PROBLEM DESCRIPTION :: Copy each line from the listing below where the word "Students" shows up.

=======

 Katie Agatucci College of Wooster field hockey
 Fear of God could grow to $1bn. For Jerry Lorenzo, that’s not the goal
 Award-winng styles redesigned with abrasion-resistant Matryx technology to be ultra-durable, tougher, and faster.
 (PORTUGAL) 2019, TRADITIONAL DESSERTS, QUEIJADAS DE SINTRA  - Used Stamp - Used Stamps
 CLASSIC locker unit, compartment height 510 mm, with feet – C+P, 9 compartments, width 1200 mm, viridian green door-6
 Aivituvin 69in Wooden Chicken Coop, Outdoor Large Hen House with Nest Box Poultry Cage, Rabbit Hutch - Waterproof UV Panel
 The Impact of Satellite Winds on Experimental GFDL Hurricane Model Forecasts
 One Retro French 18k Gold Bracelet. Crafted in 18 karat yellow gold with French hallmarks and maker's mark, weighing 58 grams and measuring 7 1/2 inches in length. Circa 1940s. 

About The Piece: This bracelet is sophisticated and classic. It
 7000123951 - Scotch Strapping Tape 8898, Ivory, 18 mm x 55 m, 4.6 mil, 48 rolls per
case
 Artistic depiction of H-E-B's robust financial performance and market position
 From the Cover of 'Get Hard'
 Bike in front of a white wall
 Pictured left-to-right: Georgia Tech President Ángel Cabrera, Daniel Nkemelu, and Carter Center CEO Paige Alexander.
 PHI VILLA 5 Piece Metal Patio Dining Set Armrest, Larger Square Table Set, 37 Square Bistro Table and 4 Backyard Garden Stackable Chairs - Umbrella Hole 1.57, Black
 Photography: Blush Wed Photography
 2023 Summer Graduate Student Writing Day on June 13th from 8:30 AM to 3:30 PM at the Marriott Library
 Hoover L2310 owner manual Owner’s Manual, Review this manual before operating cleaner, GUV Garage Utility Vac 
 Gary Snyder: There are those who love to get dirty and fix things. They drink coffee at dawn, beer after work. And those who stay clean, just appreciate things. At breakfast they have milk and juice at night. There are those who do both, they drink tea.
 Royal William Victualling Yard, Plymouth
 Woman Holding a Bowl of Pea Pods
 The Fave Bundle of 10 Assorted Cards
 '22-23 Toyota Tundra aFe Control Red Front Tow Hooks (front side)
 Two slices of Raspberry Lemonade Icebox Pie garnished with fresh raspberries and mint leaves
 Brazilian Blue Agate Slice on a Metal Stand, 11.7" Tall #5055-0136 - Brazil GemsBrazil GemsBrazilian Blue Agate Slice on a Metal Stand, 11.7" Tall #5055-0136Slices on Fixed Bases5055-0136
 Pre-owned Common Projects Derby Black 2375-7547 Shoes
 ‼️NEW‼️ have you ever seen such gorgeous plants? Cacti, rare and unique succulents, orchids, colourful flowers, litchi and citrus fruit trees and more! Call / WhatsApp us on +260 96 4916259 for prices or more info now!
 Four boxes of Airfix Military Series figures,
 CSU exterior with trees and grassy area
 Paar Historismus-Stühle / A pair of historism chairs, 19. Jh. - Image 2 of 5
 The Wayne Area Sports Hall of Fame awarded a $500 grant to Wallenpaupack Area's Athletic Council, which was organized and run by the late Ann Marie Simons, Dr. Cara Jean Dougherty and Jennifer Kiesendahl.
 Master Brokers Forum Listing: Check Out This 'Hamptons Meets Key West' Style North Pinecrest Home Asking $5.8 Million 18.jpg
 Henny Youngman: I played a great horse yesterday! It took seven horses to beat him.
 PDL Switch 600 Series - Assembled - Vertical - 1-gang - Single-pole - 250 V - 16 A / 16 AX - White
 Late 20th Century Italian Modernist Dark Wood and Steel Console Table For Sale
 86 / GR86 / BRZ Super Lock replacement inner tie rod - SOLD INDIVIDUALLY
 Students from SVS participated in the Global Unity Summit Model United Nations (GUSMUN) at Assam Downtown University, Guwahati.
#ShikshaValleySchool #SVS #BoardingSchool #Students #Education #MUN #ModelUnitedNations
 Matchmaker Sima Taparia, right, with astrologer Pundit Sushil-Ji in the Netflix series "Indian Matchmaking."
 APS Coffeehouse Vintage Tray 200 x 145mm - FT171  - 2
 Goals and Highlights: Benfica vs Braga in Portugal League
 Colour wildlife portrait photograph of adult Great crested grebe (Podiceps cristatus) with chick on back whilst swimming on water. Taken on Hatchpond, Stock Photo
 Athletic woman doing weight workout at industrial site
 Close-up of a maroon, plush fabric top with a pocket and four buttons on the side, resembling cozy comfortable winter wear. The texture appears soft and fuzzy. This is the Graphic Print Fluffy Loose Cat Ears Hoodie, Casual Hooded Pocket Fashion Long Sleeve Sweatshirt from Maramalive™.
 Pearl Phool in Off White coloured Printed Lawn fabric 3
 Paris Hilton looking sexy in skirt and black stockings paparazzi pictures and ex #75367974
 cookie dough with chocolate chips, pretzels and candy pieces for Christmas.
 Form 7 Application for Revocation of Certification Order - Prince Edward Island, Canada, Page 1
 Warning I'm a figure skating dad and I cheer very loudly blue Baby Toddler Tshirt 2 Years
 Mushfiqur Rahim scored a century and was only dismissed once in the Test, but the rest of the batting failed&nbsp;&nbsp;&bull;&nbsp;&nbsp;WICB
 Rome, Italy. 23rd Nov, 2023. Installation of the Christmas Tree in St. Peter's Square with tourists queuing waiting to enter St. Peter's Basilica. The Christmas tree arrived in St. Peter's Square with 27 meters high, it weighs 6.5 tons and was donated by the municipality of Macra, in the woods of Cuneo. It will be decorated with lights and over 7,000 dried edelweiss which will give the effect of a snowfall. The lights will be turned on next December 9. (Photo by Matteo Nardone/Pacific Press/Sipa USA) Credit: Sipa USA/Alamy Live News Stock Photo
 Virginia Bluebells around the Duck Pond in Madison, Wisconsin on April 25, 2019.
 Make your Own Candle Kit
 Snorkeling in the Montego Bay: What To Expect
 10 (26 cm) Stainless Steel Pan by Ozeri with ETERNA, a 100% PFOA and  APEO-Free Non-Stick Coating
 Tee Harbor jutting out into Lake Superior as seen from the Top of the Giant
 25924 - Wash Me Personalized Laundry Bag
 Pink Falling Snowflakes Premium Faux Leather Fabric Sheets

=======

EXERCISE SOLUTION ::
 Students from SVS participated in the Global Unity Summit Model United Nations (GUSMUN) at Assam Downtown University, Guwahati.
#ShikshaValleySchool #SVS #BoardingSchool #Students #Education #MUN #ModelUnitedNations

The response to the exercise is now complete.